### The data
-*-*-

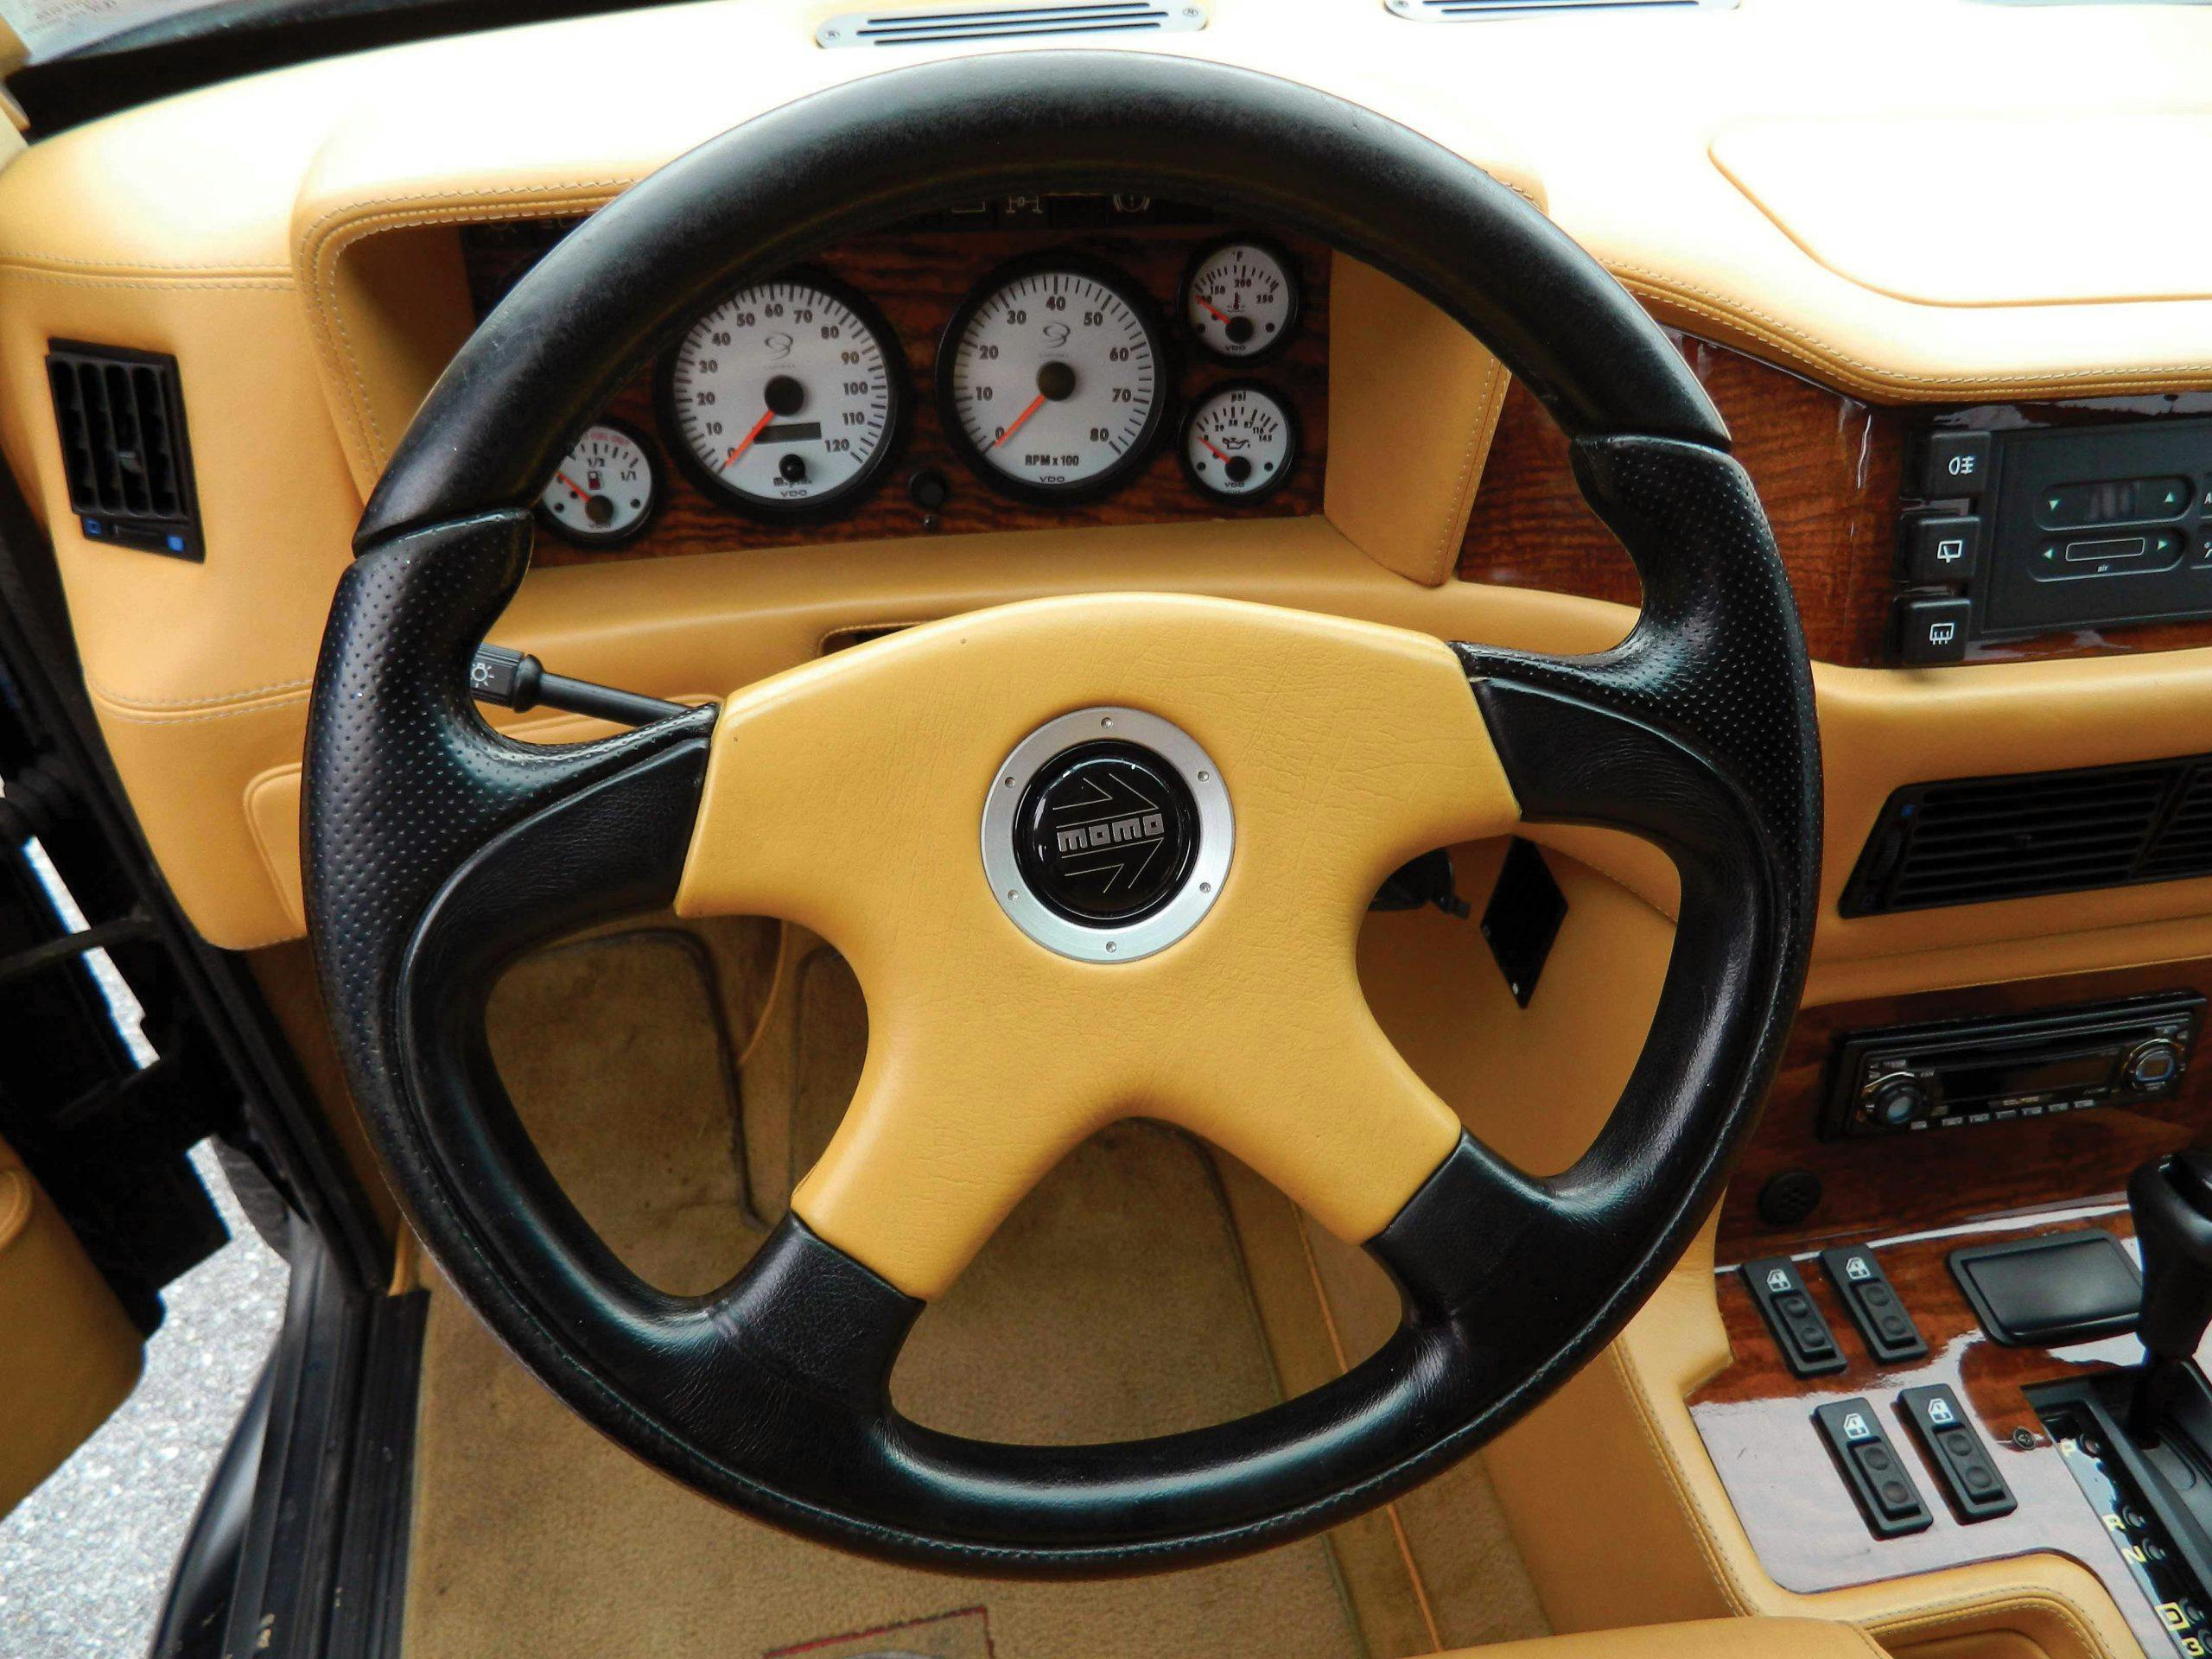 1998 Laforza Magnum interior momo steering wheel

-*-*-

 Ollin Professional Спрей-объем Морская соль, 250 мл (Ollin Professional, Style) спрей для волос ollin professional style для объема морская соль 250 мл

-*-*-

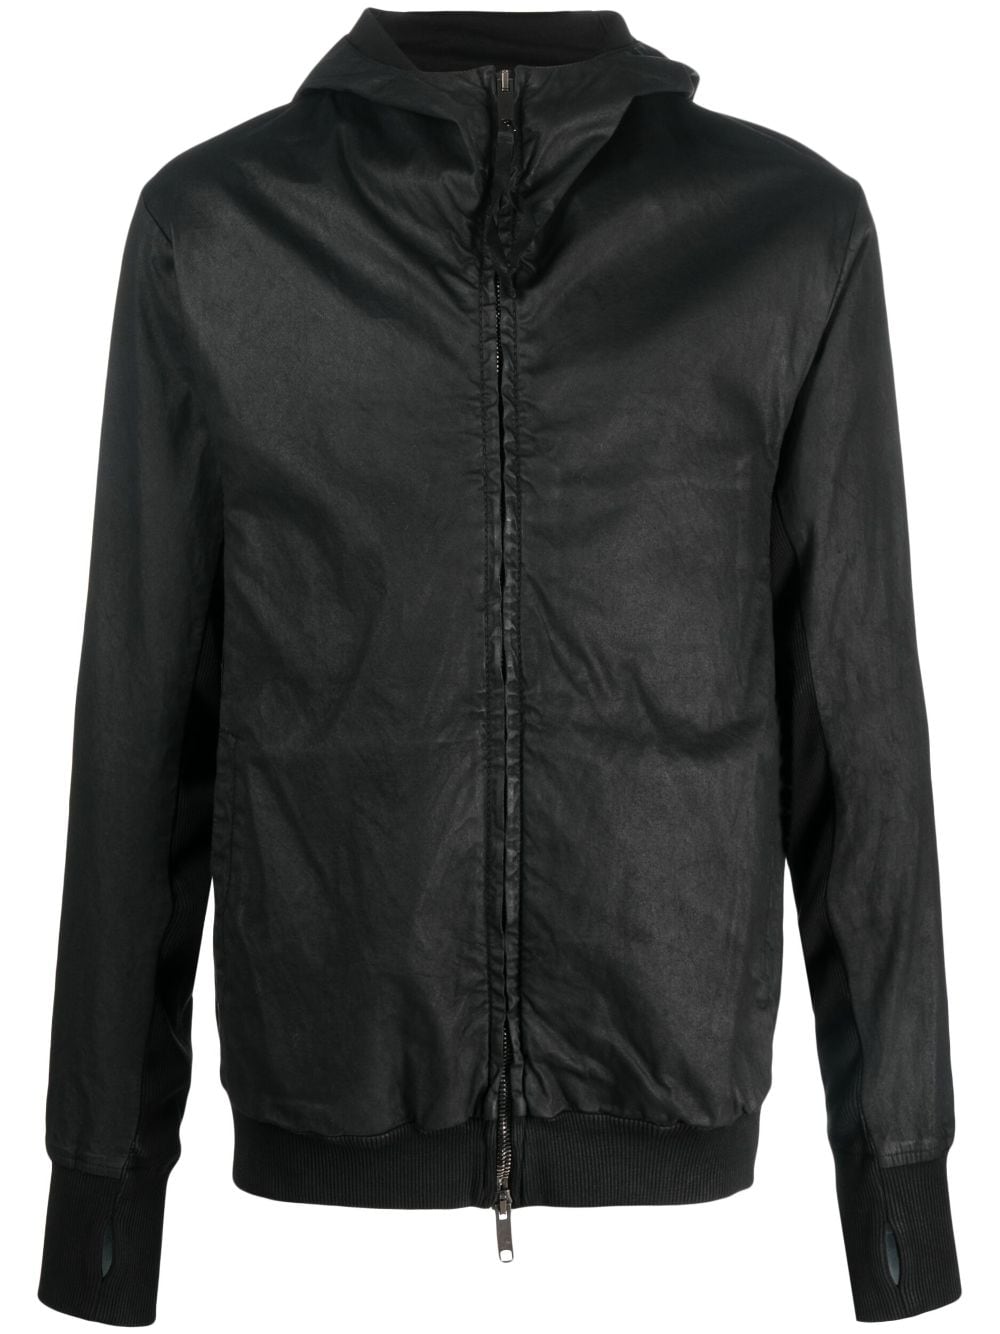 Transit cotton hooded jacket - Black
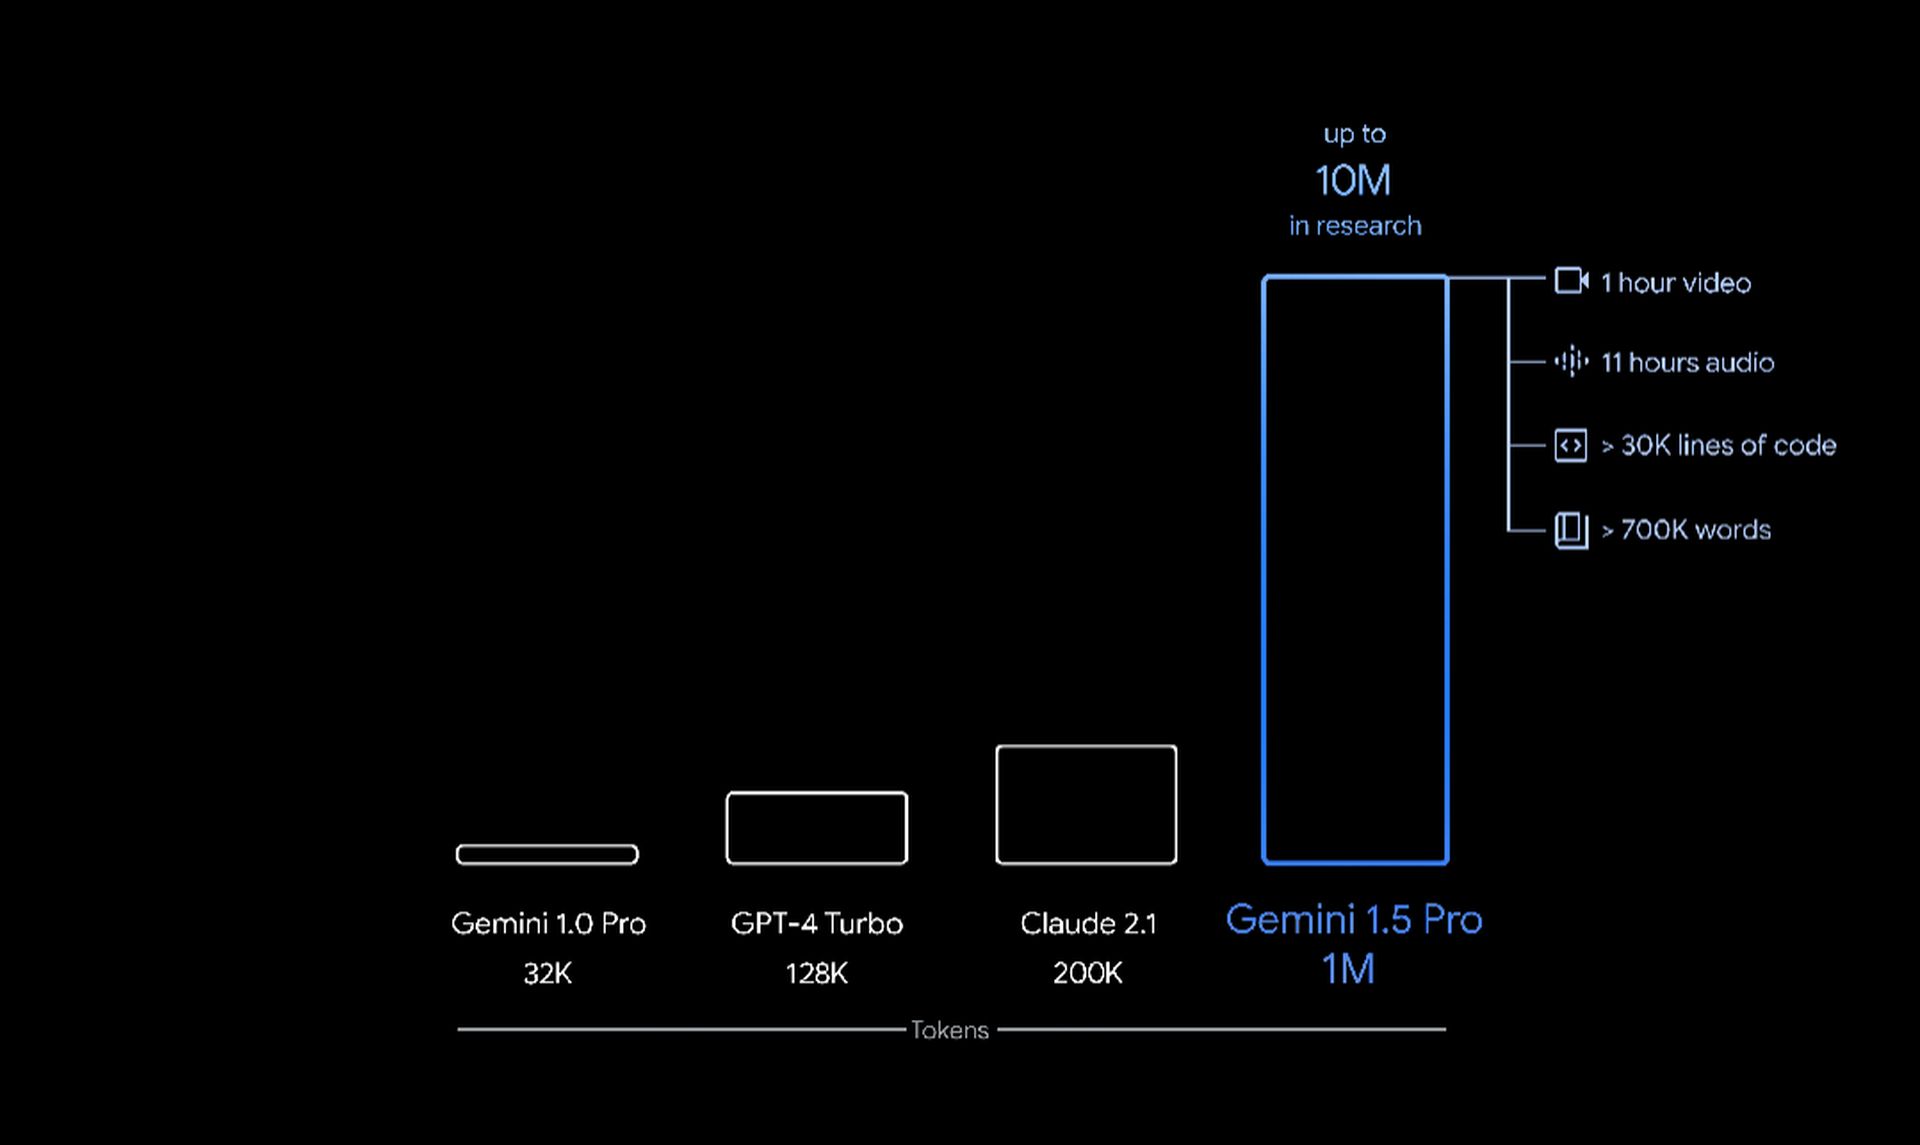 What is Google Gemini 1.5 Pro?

-*-*-

### What to do
Above are some records. Reproduce the lines from the one with "Transit cotton hooded jacket - Black" down to the one with "What is Google Gemini 1.5 Pro?", keeping both, and leave every picture out.

### Written solution
 Transit cotton hooded jacket - Black
 What is Google Gemini 1.5 Pro?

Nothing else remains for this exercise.